### Assignment
Restate the listing below line for line and word for word, without the pictures.
BEGIN Data block
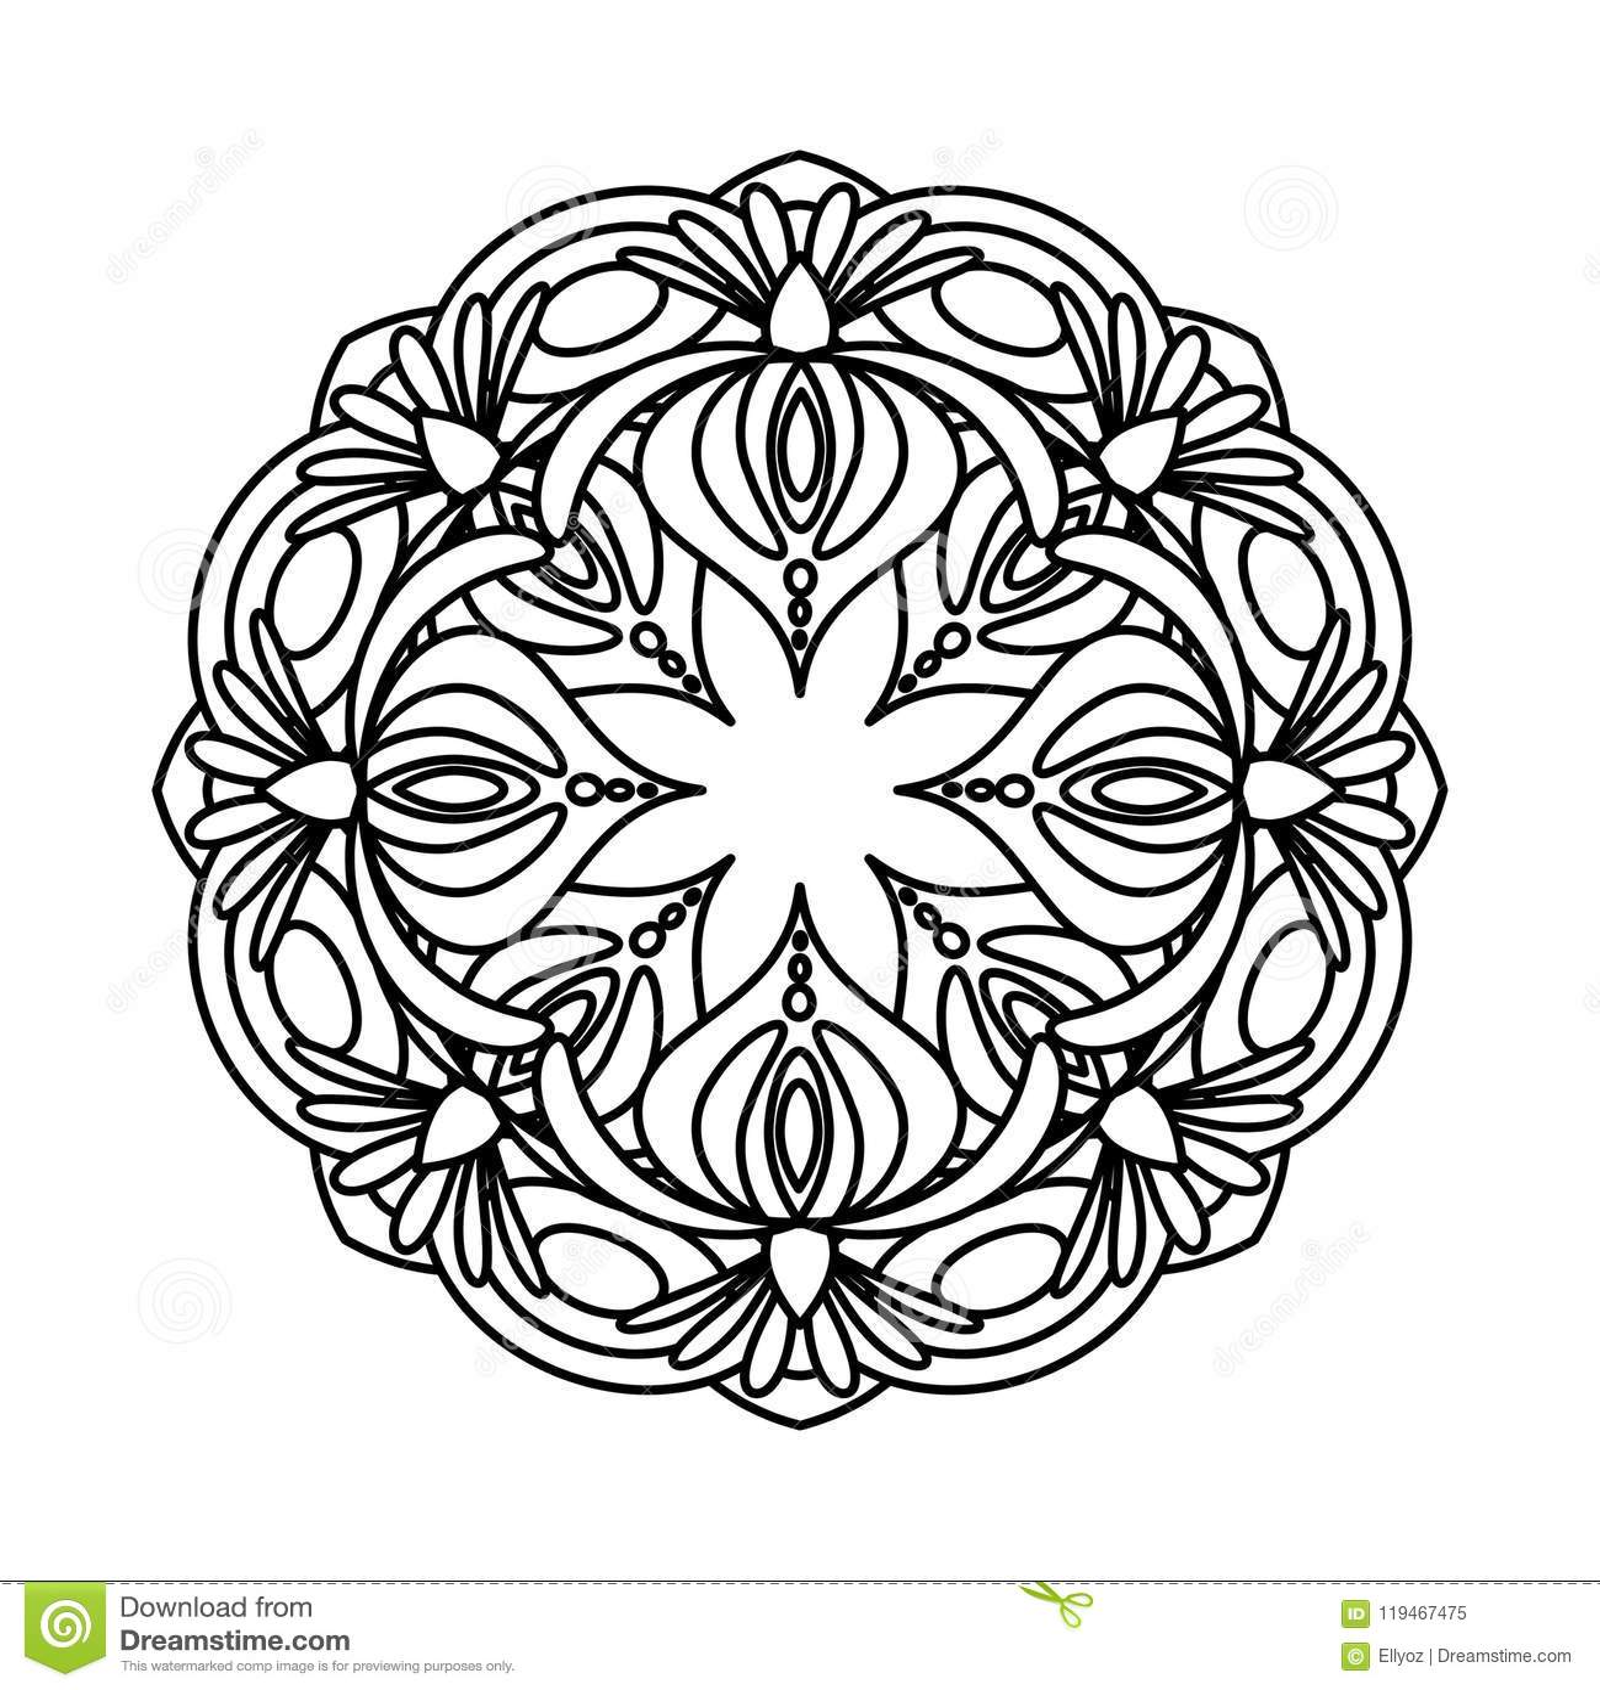 Flower Mandala Vector Illustration Stock Vector - Illustration of ...
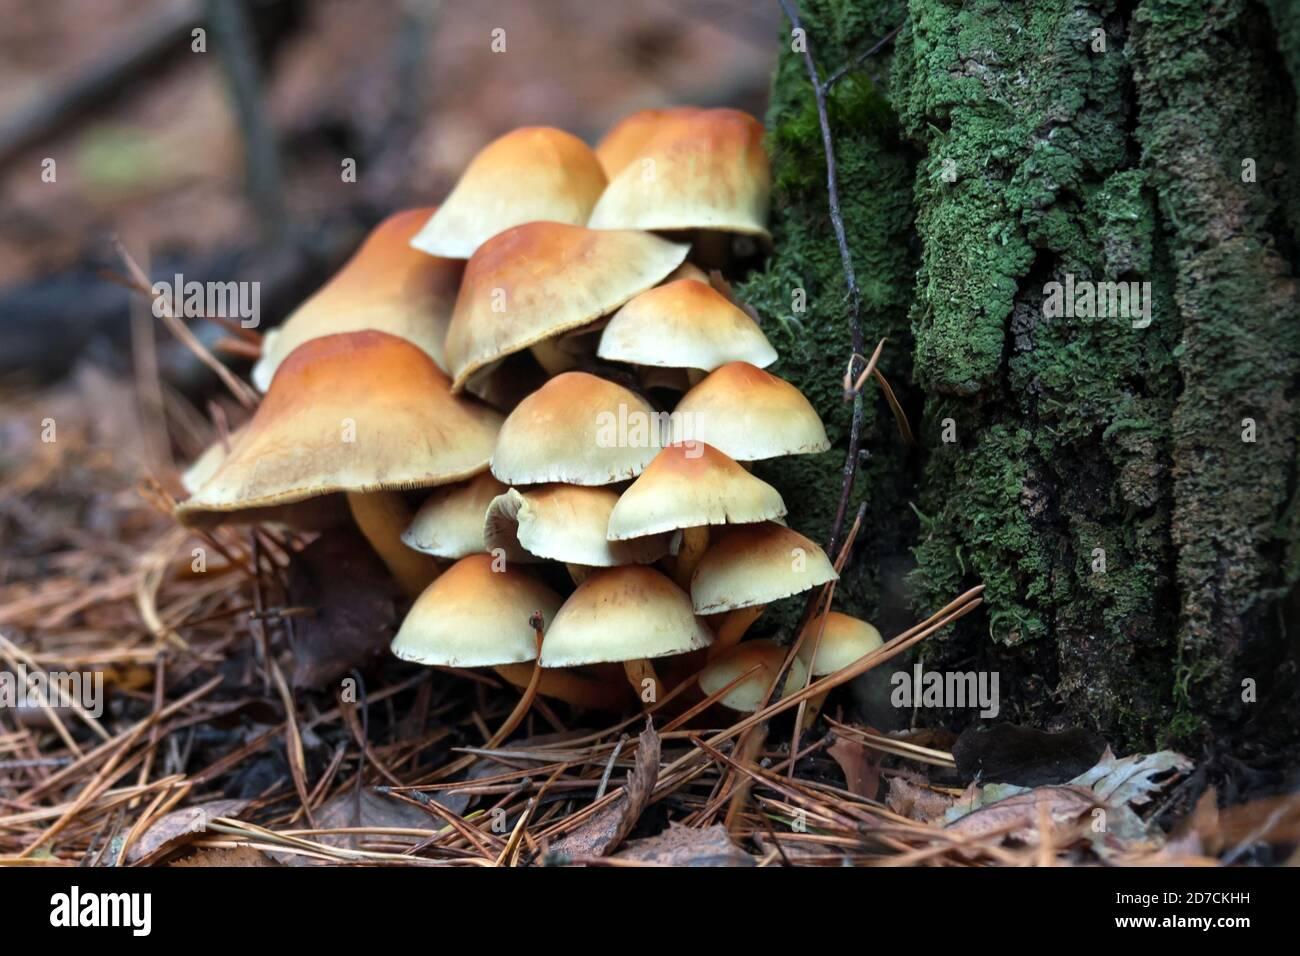 Enokitake mushroom, enoki, futu, seafood mushroom, growing edible gourmet and medicinal fungi on trees. Fungi growing in autumn pine forest Stock Photo
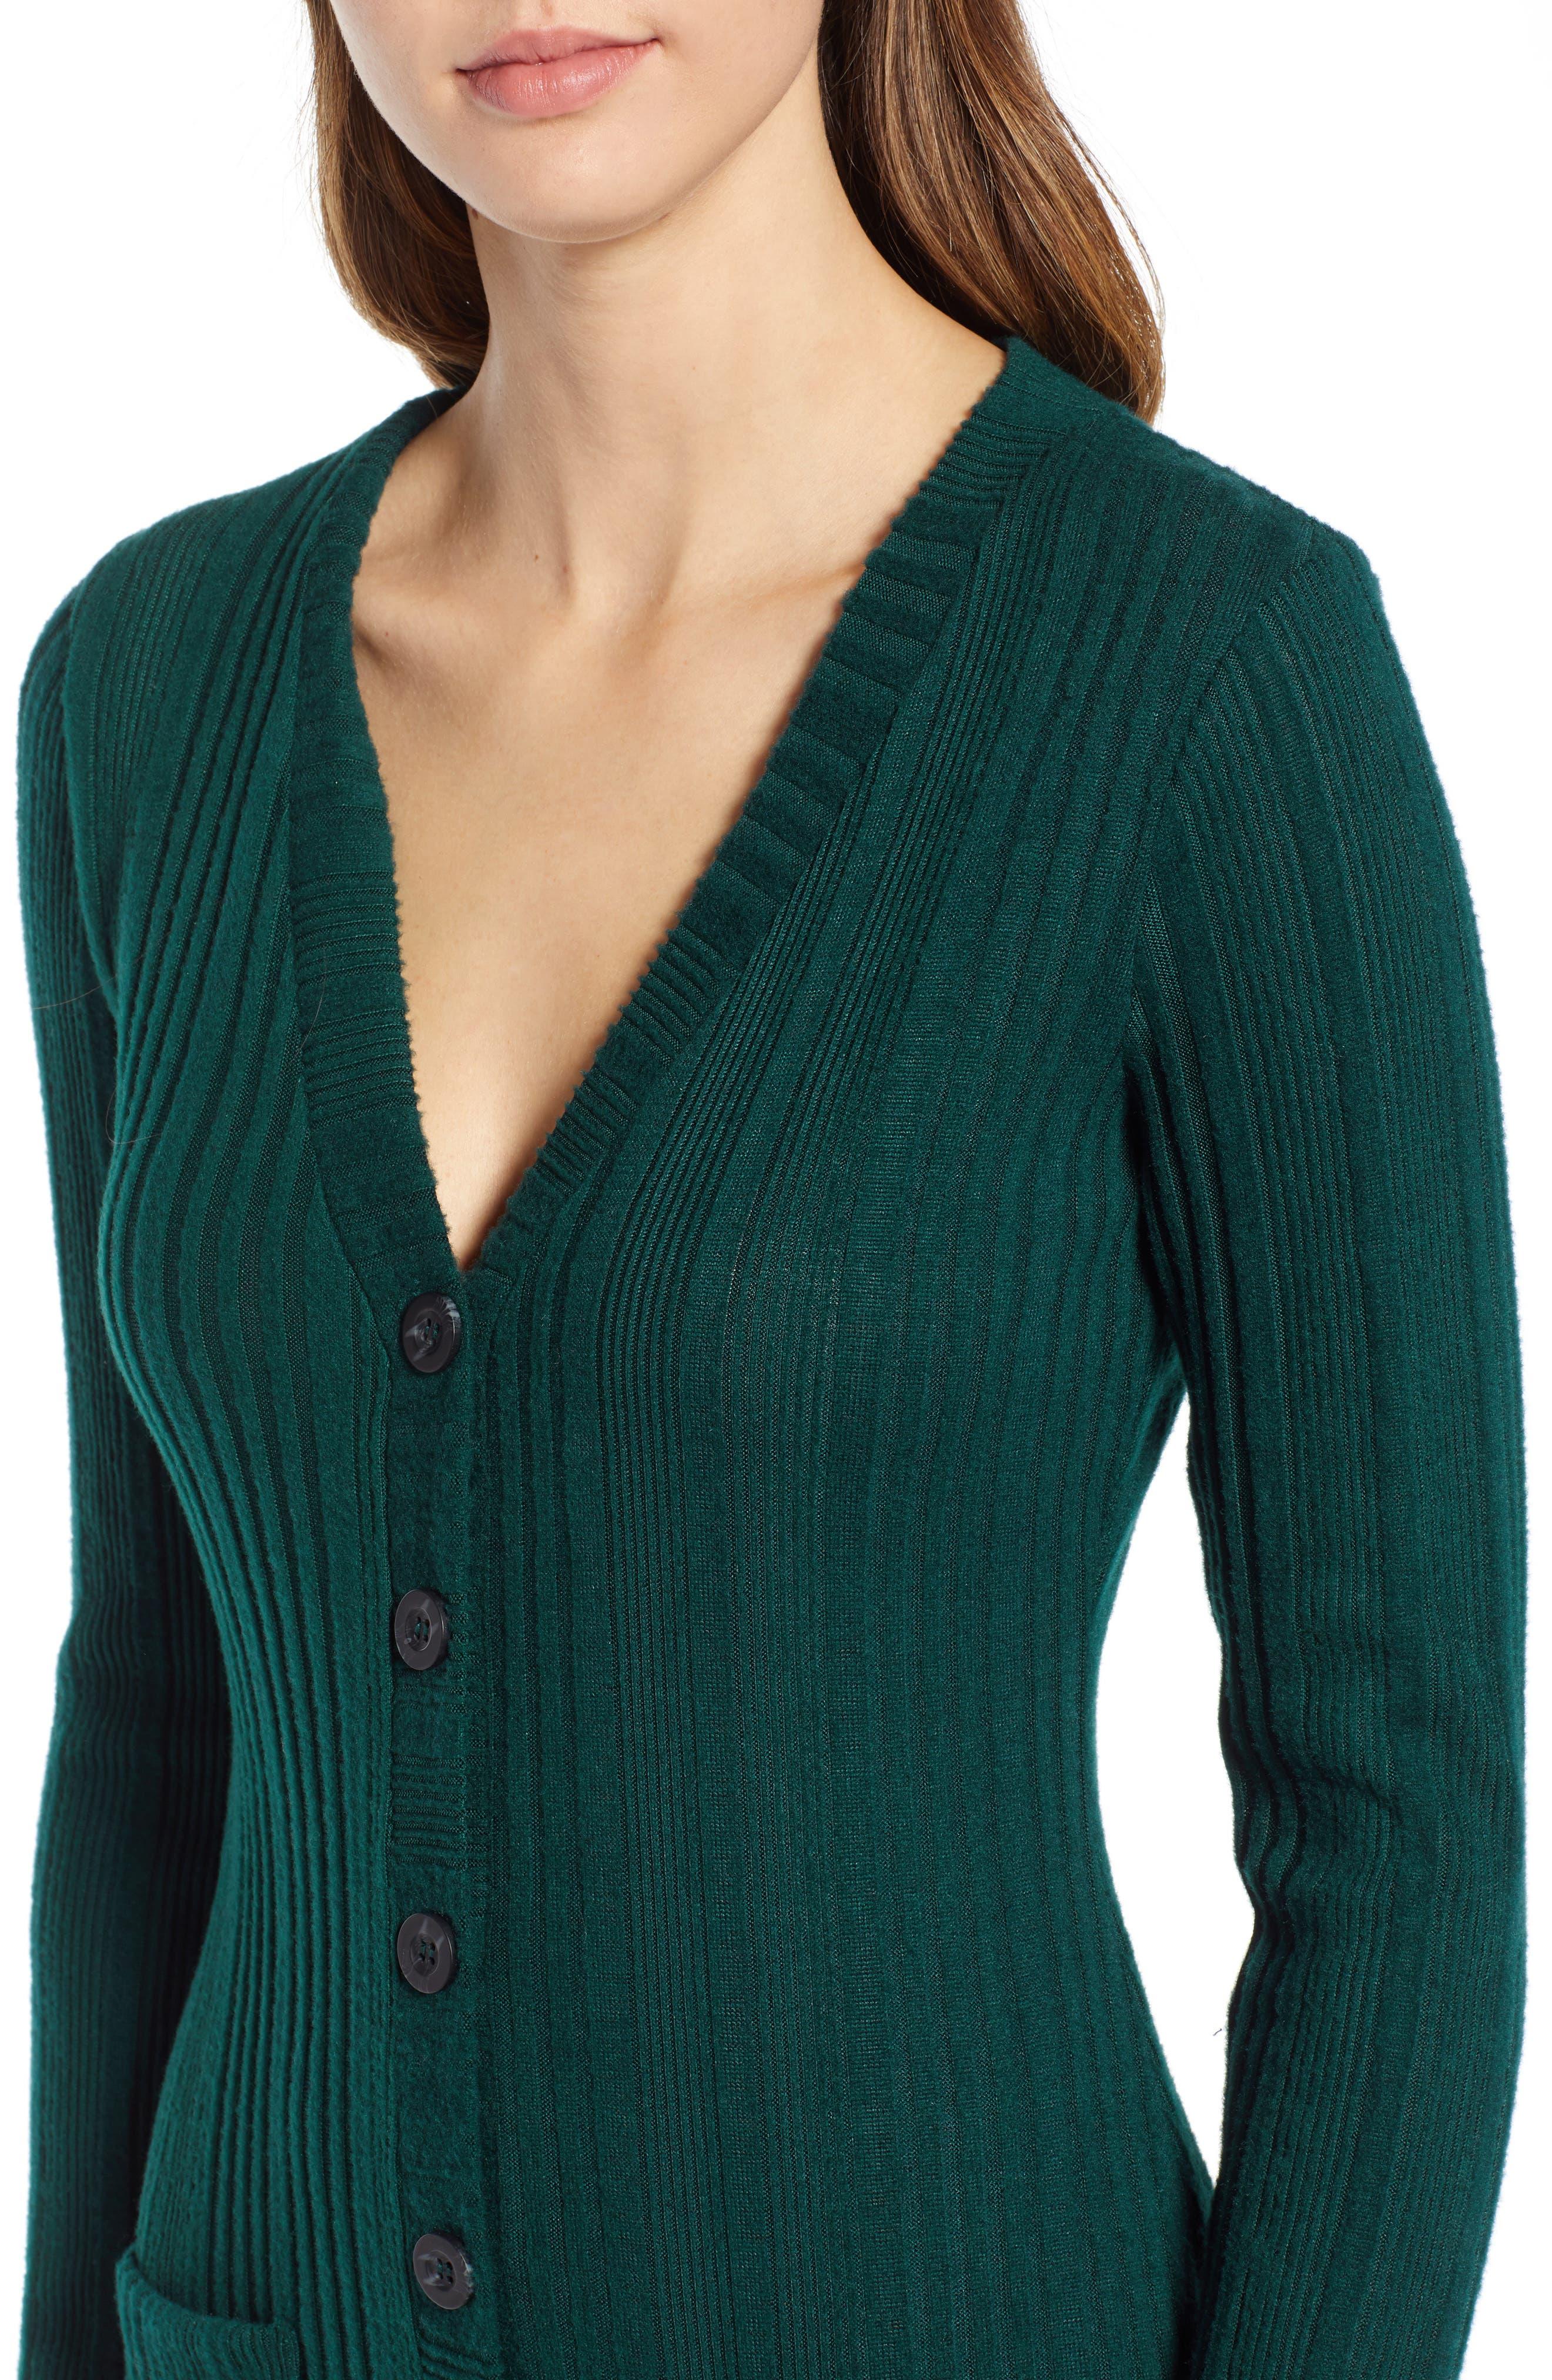 SOCIALITE,                             Sweater Dress,                             Alternate thumbnail 4, color,                             300
END Data block
### Reply
 Flower Mandala Vector Illustration Stock Vector - Illustration of ...
 Enokitake mushroom, enoki, futu, seafood mushroom, growing edible gourmet and medicinal fungi on trees. Fungi growing in autumn pine forest Stock Photo
 SOCIALITE,                             Sweater Dress,                             Alternate thumbnail 4, color,                             300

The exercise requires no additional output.